10. — О дитя мое! — воскликнул вдруг Лаврецкий, и голос его задрожал, — не мудрствуйте лукаво, не называйте слабостью крик вашего сердца, которое не хочет отдаться без любви. Не берите на себя такой страшной ответственности перед тем человеком, которого вы не любите и которому хотите принадлежать…

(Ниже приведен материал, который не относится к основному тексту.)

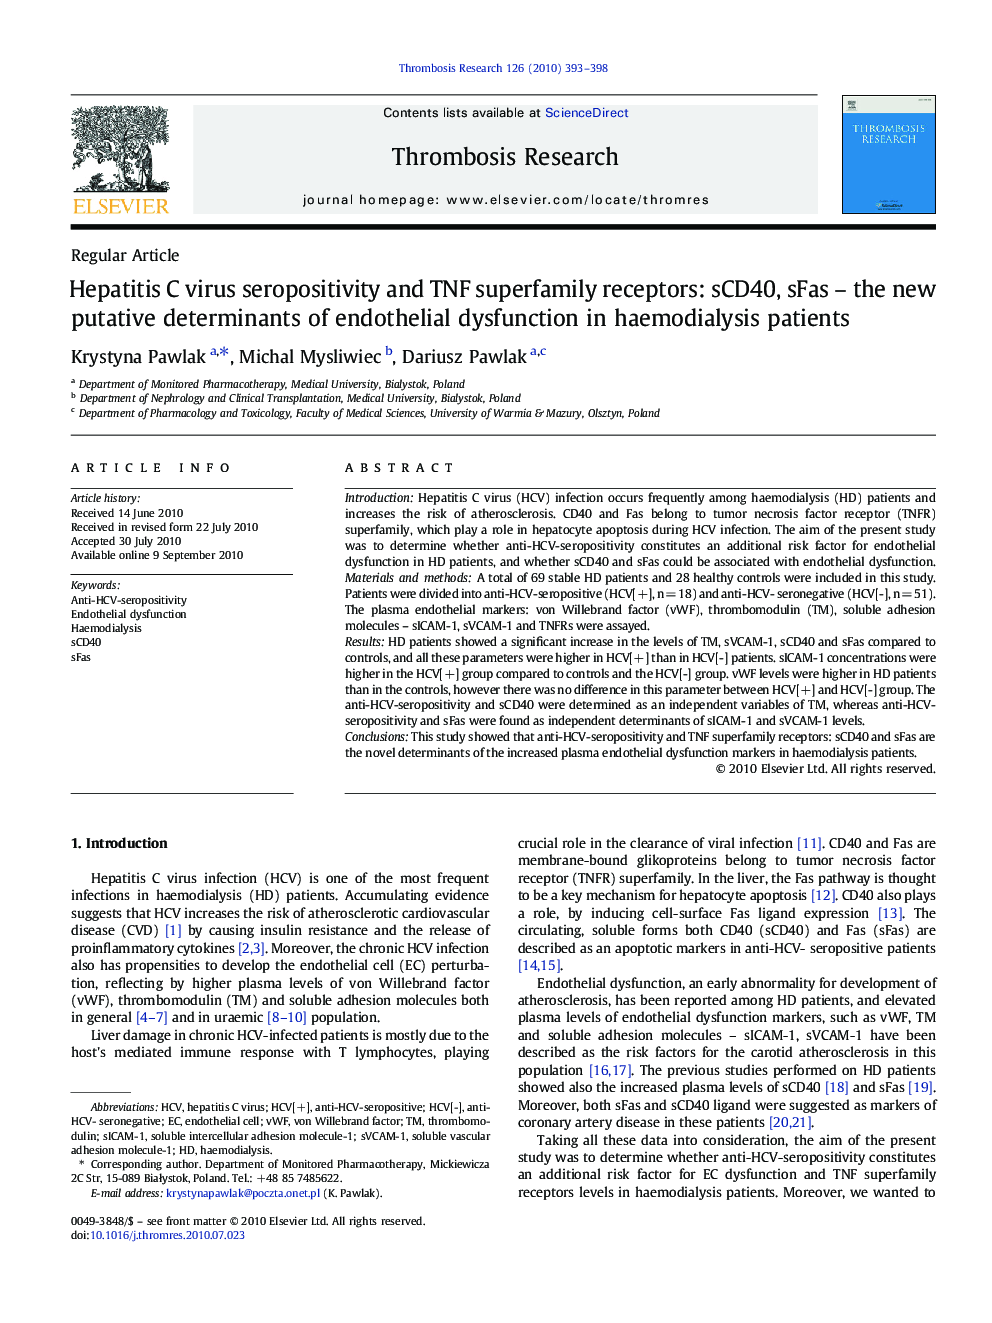 Hepatitis C virus seropositivity and TNF superfamily receptors: sCD40, sFas - the new putative determinants of endothelial dysfunction in haemodialysis patients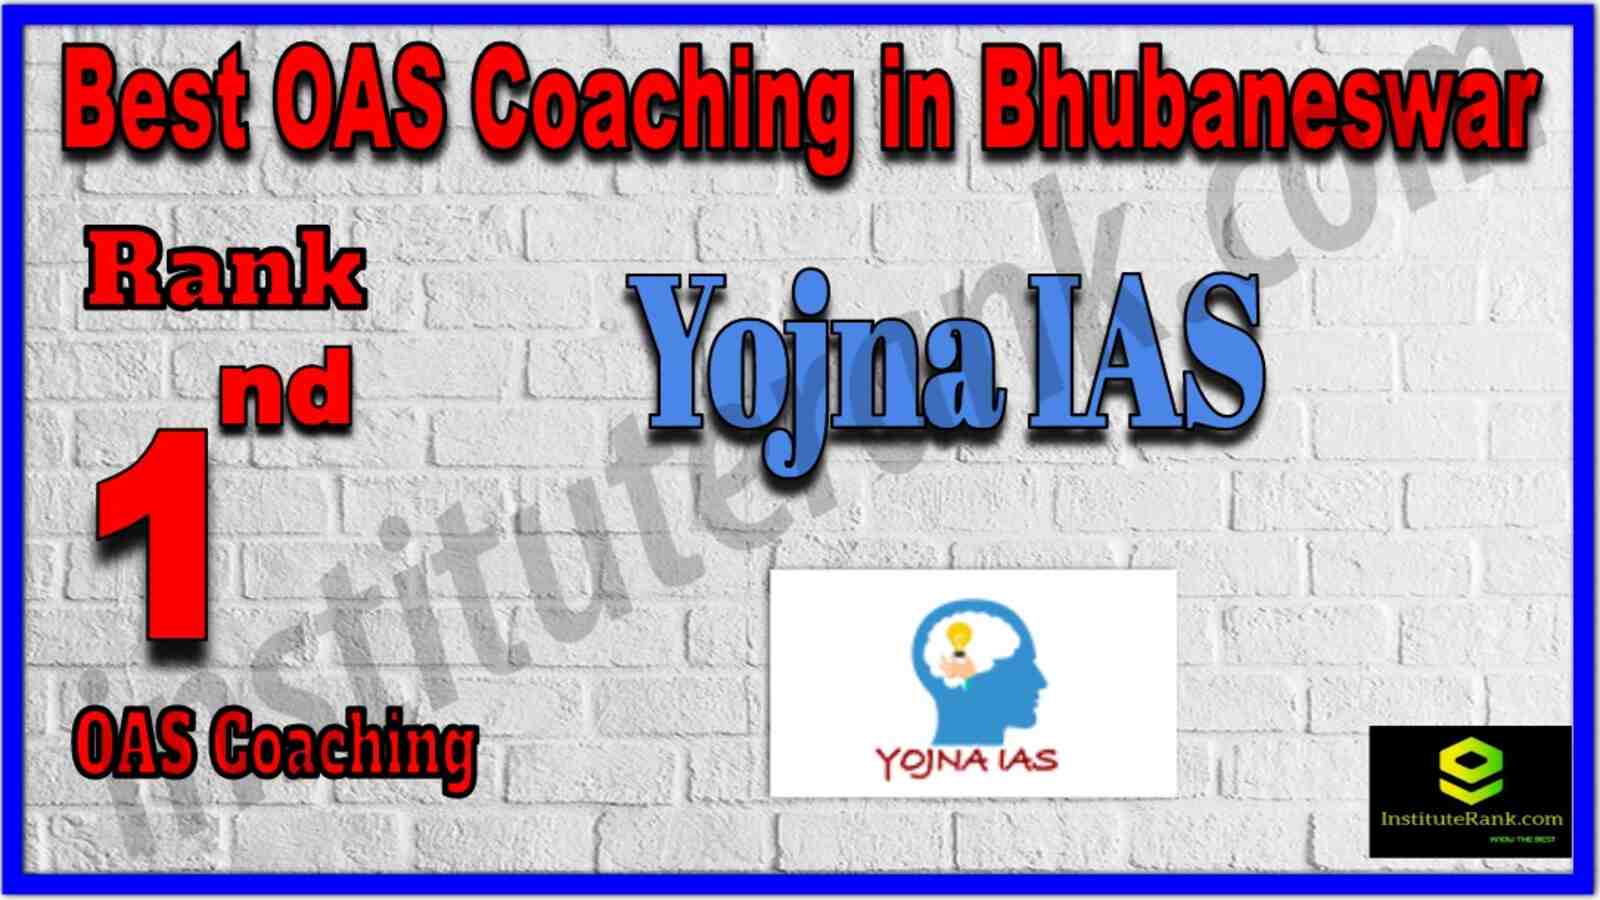 Rank 1 Best OAS Coaching in Bhubaneswar

11. Лиза вошла в теткину комнату и в изнеможении опустилась на стул. Марфа Тимофеевна долго молча смотрела на нее, тихонько стала перед нею на колени — и начала, все так же молча, целовать попеременно ее руки. Лиза подалась вперед, покраснела — и заплакала, но не подняла Марфы Тимофеевны, не отняла своих рук: она чувствовала, что не имела права отнять их, не имела права помешать старушке выразить свое раскаяние, участие, испросить у ней прощение за вчерашнее; и Марфа Тимофеевна не могла нацеловаться этих бедных, бледных, бессильных рук — и безмолвные слезы лились из ее глаз и глаз Лизы; а кот Матрос мурлыкал в широких креслах возле клубка с чулком, продолговатое пламя лампадки чуть-чуть трогалось и шевелилось перед иконой; в соседней комнатке, за дверью, стояла Настасья Карповна и тоже украдкой утирала себе глаза свернутым в клубочек клетчатым носовым платком.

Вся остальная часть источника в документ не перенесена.